Transcribe the data as written, minus images.

__INFORMATION SUPPLIED__
※

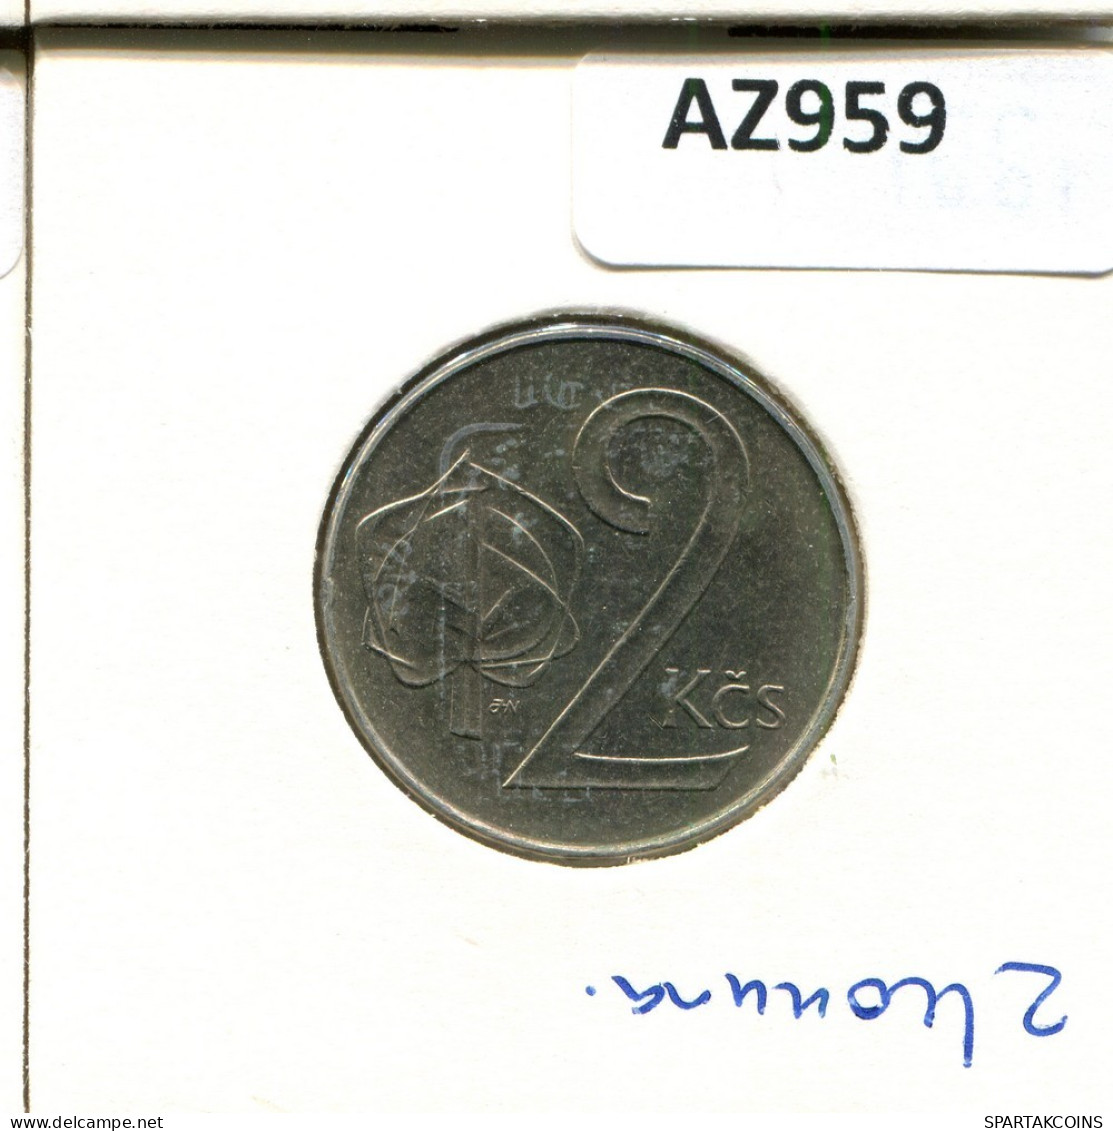 2 KORUN 1991 TSCHECHOSLOWAKEI CZECHOSLOWAKEI SLOVAKIA Münze #AZ959.D.A - Cecoslovacchia
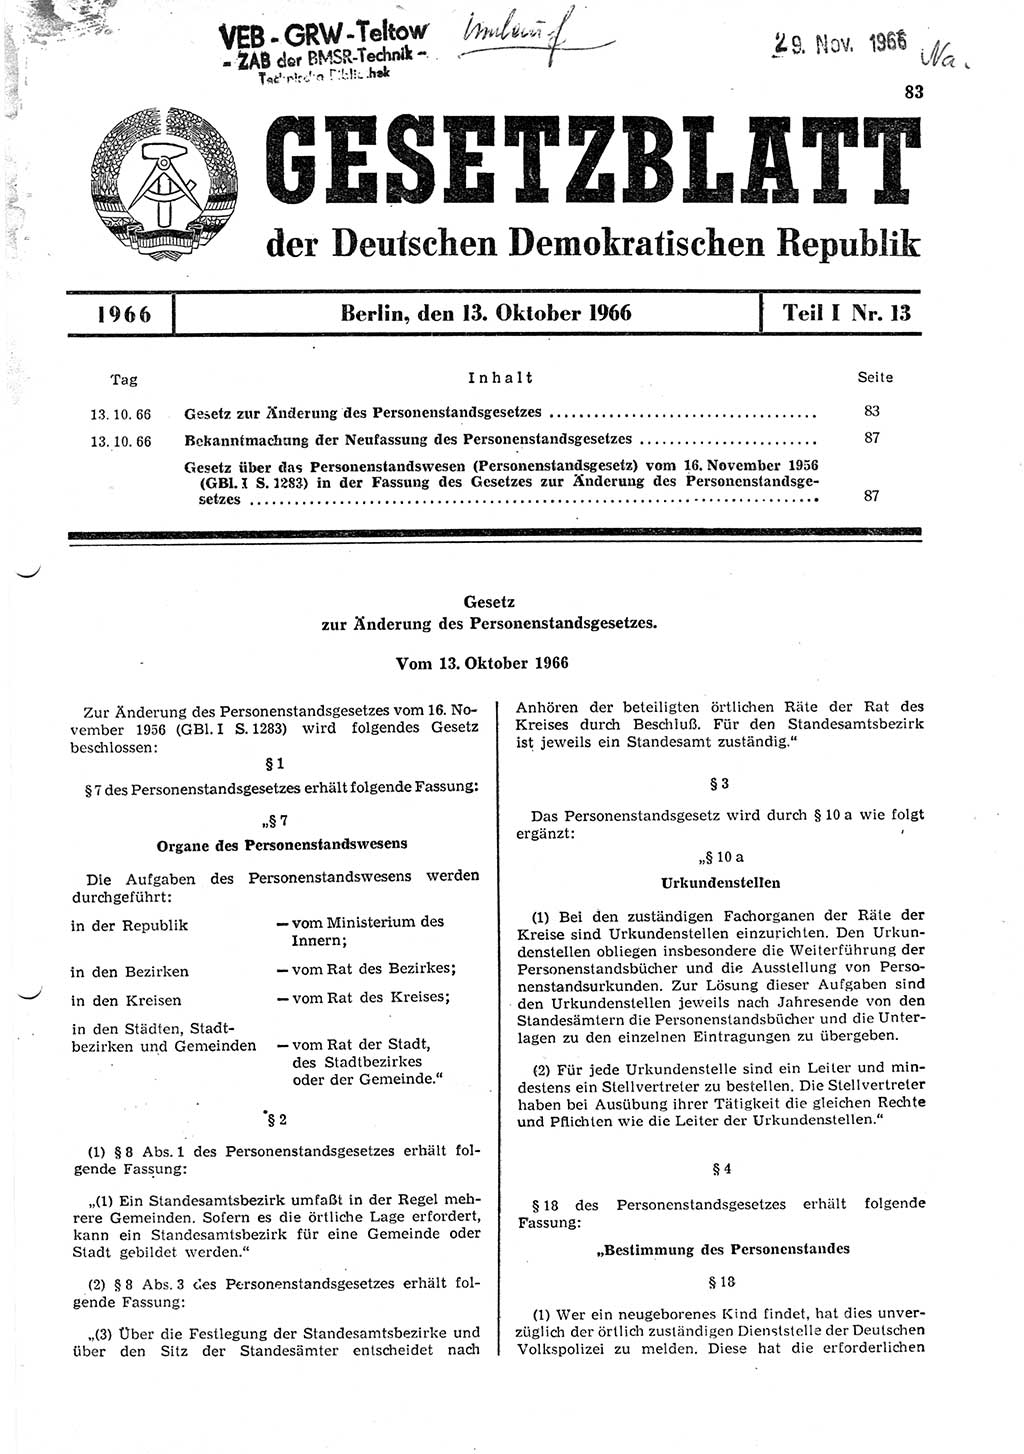 Gesetzblatt (GBl.) der Deutschen Demokratischen Republik (DDR) Teil Ⅰ 1966, Seite 83 (GBl. DDR Ⅰ 1966, S. 83)
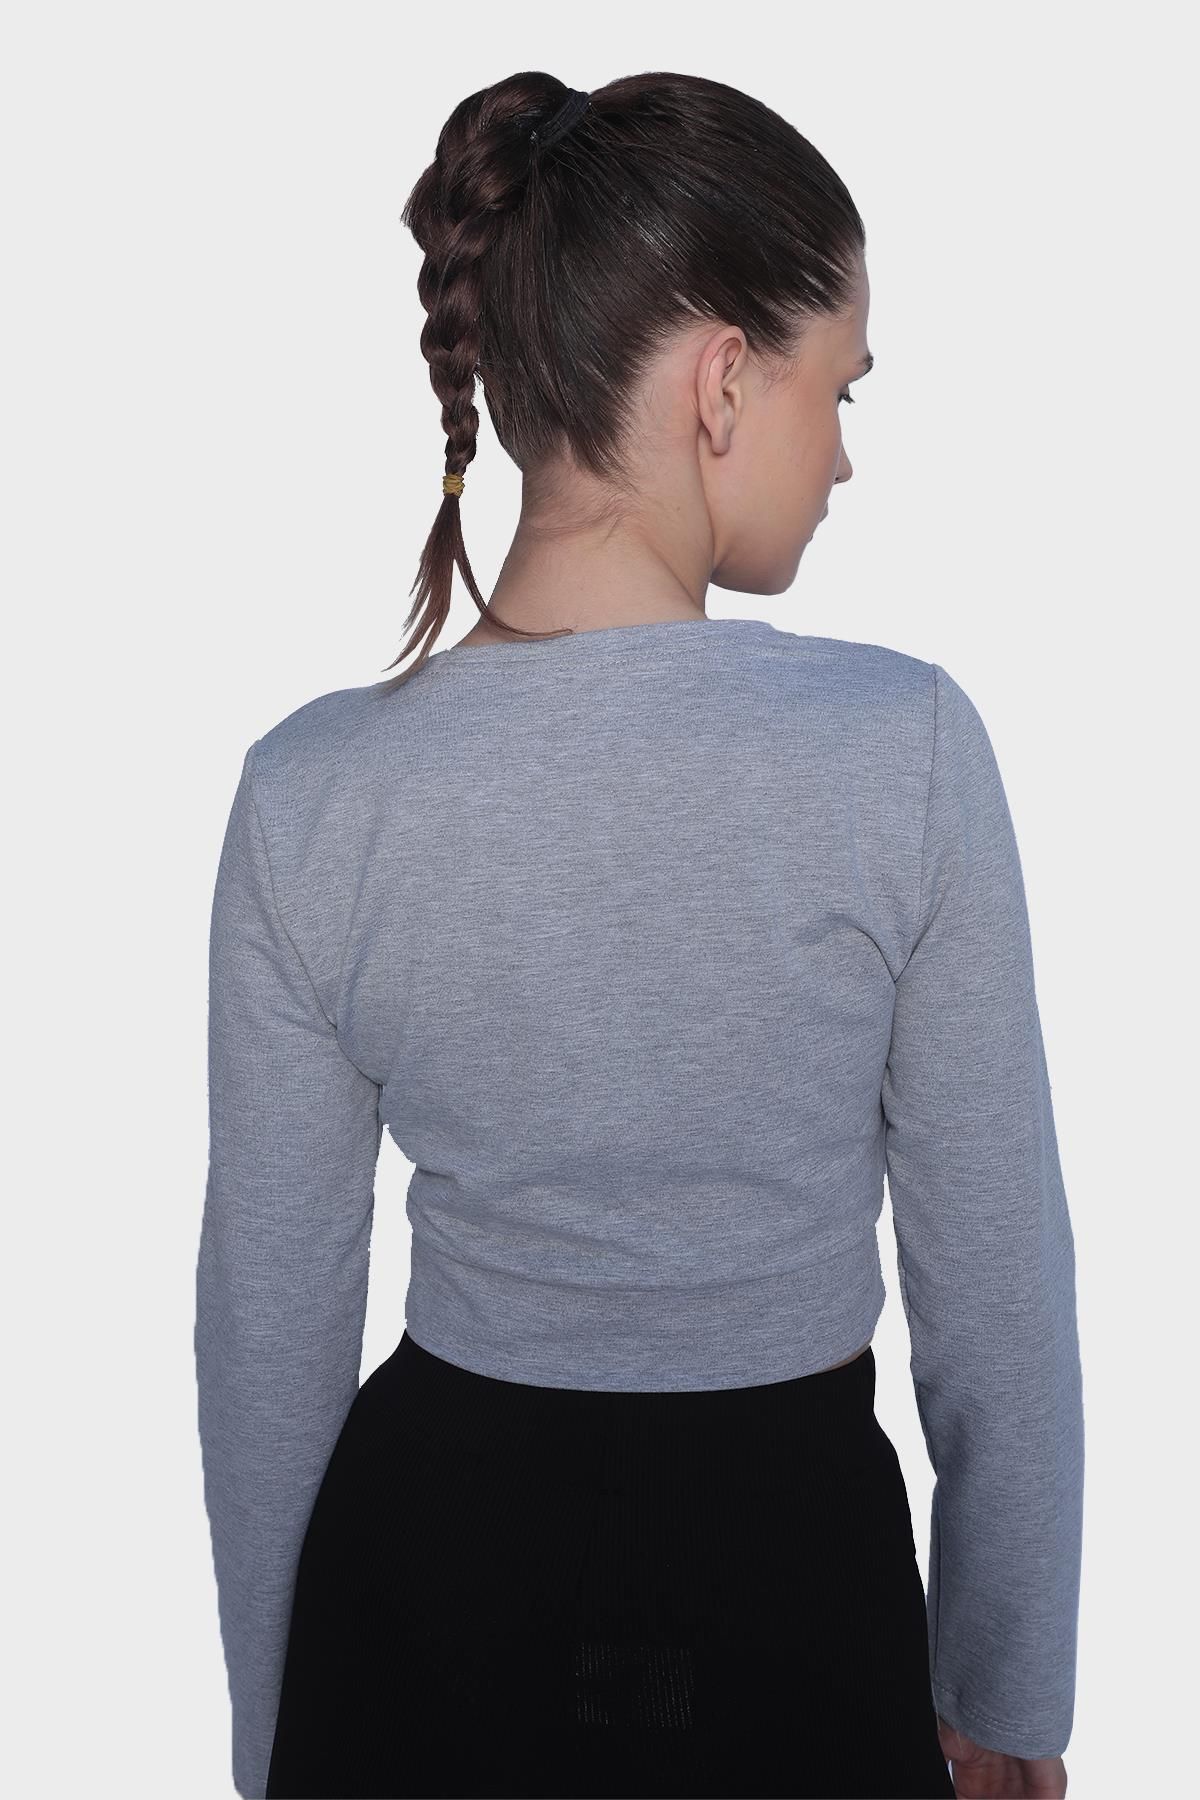 Женская укороченная блузка с длинным рукавом и вырезом - серый
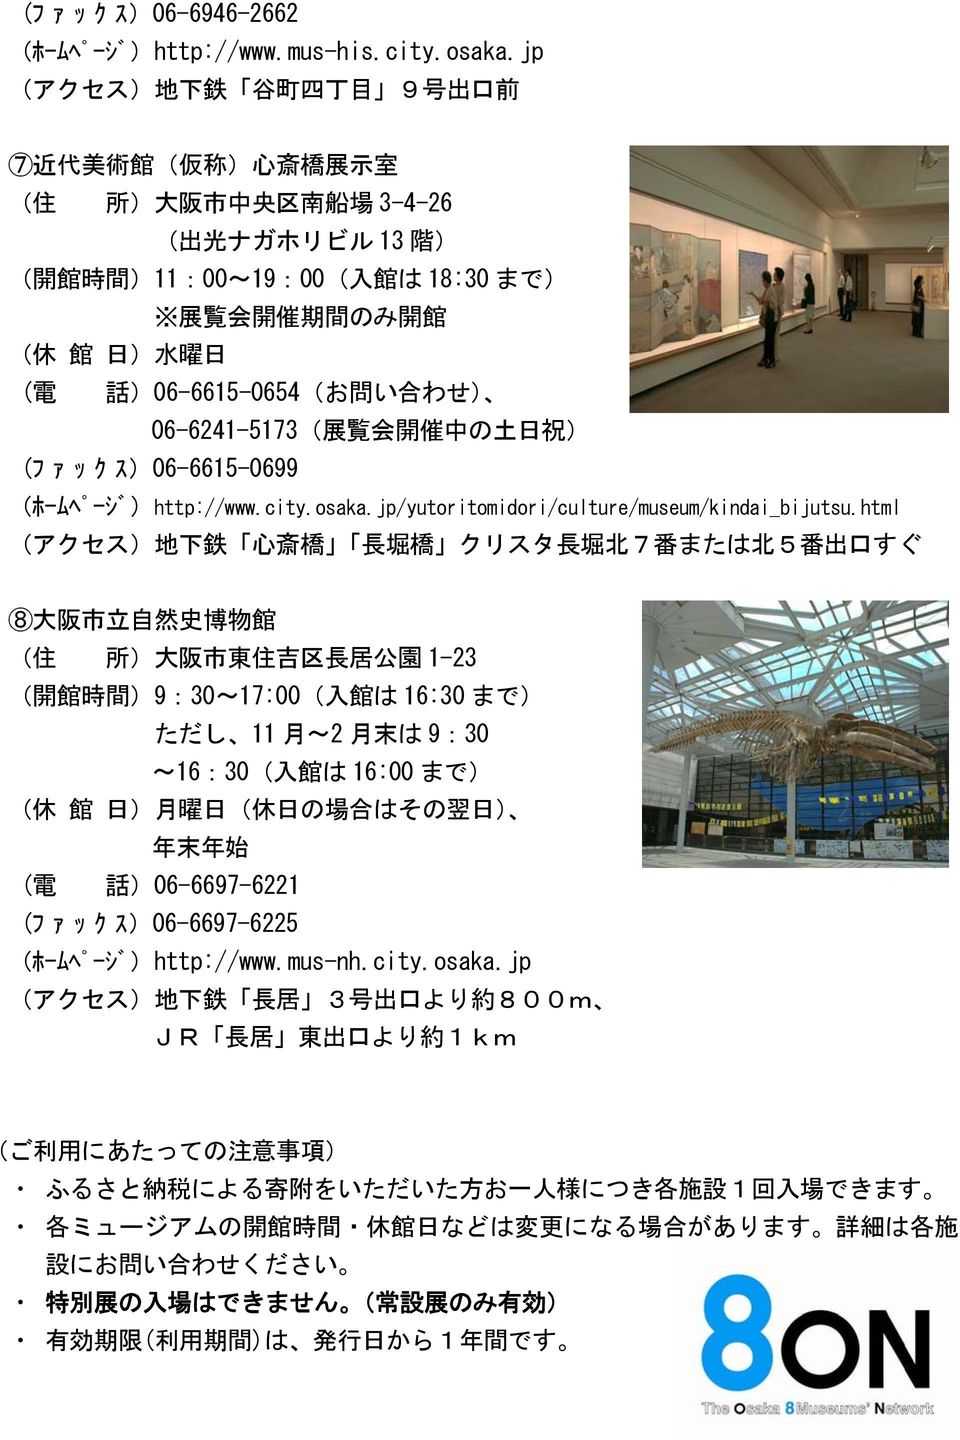 電 話 )06-6615-0654(お 問 い 合 わせ) 06-6241-5173( 展 覧 会 開 催 中 の 土 日 祝 ) (ファックス)06-6615-0699 (ホームヘ ーシ )http://www.city.osaka.jp/yutoritomidori/culture/museum/kindai_bijutsu.

※

__WRITTEN SOLUTION__
 2 KORUN 1991 TSCHECHOSLOWAKEI CZECHOSLOWAKEI SLOVAKIA Münze #AZ959.D.A - Cecoslovacchia
 Gesetzblatt (GBl.) der Deutschen Demokratischen Republik (DDR) Teil Ⅰ 1966, Seite 83 (GBl. DDR Ⅰ 1966, S. 83)
 Женская укороченная блузка с длинным рукавом и вырезом - серый
 電 話 )06-6615-0654(お 問 い 合 わせ) 06-6241-5173( 展 覧 会 開 催 中 の 土 日 祝 ) (ファックス)06-6615-0699 (ホームヘ ーシ )http://www.city.osaka.jp/yutoritomidori/culture/museum/kindai_bijutsu.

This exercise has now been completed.